Blackbeard (?-1718), a British pirate, was one of the most famous villains in the history of the sea. He received his name from his habit of braiding his long, black beard and tying the braids with ribbon. Few pirates have looked and acted as fierce as Blackbeard.
Blackbeard carried three braces of pistols. He made himself look devilish in the thick of fighting by sticking long, lighted matches under his hat, framing his face in fire. If action was slow, Blackbeard stirred things up by lighting pots of sulfur in his own ship, or shooting off pistols beneath the table while entertaining friends in his darkened cabin. His journal states that confusion and plotting developed if his men were sober, but all went well when they had enough rum.

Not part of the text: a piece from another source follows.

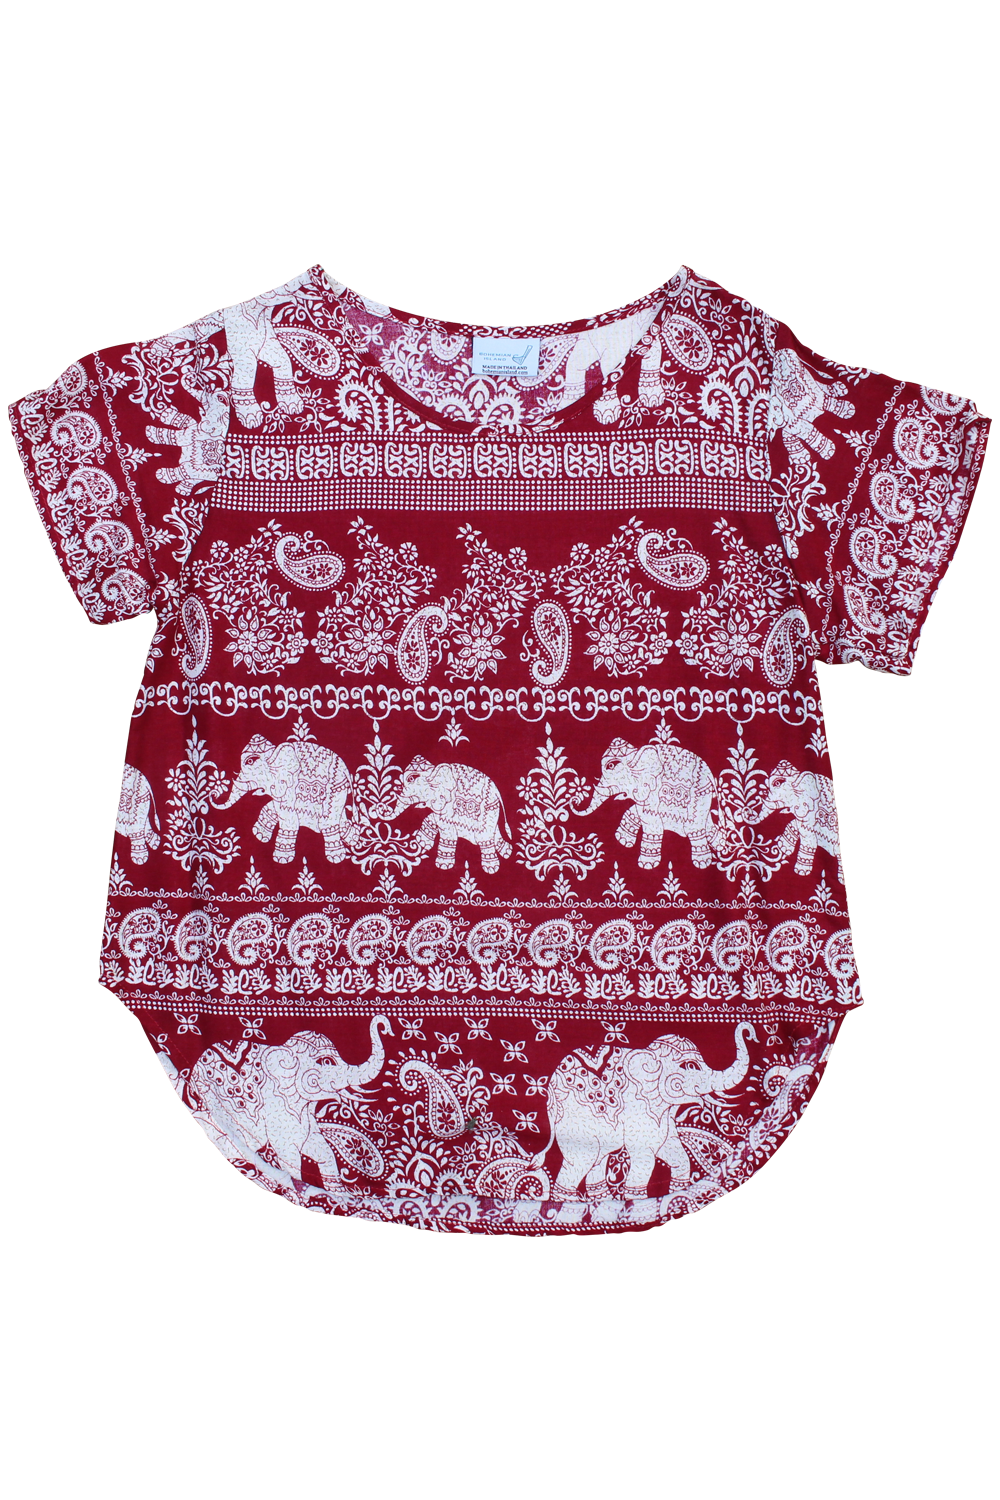 peerada elephant womens cotton shirt bohemian island

Blackbeard terrorized the Carolina and Virginia coasts during 1717 and 1718 in his ship, Queen Anne’s Revenge. In 1717, he blockaded Charleston, South Carolina. He captured ships in the harbor and seized citizens for ransom. Blackbeard left after he received a chest of medicine as ransom. After this raid, he ran his ship aground near Cape Fear, North Carolina. Blackbeard then received a general pardon from Governor Charles Eden of North Carolina, whom he probably bribed. Life on land was not for Blackbeard, and he quickly returned to the sea.
Blackbeard took such a toll of shipping and created so much terror along the American coast that Virginia and Carolina planters organized against him. The Virginia governor sent the ship HMS Pearl out to take him alive or dead. Blackbeard was caught on Nov. 21, 1718, near Ocracoke Inlet, off the North Carolina coast. He fought desperately with sword and pistol until he fell with 25 wounds in his body, on November 22. His head was taken back to Virginia and displayed on a pole.
Blackbeard was born Edward Teach, either in Bristol (England) or in Jamaica. He is said to have had 14 wives. In 1996, researchers found the remains of Blackbeard’s ship Queen Anne’s Revenge near the coast of North Carolina.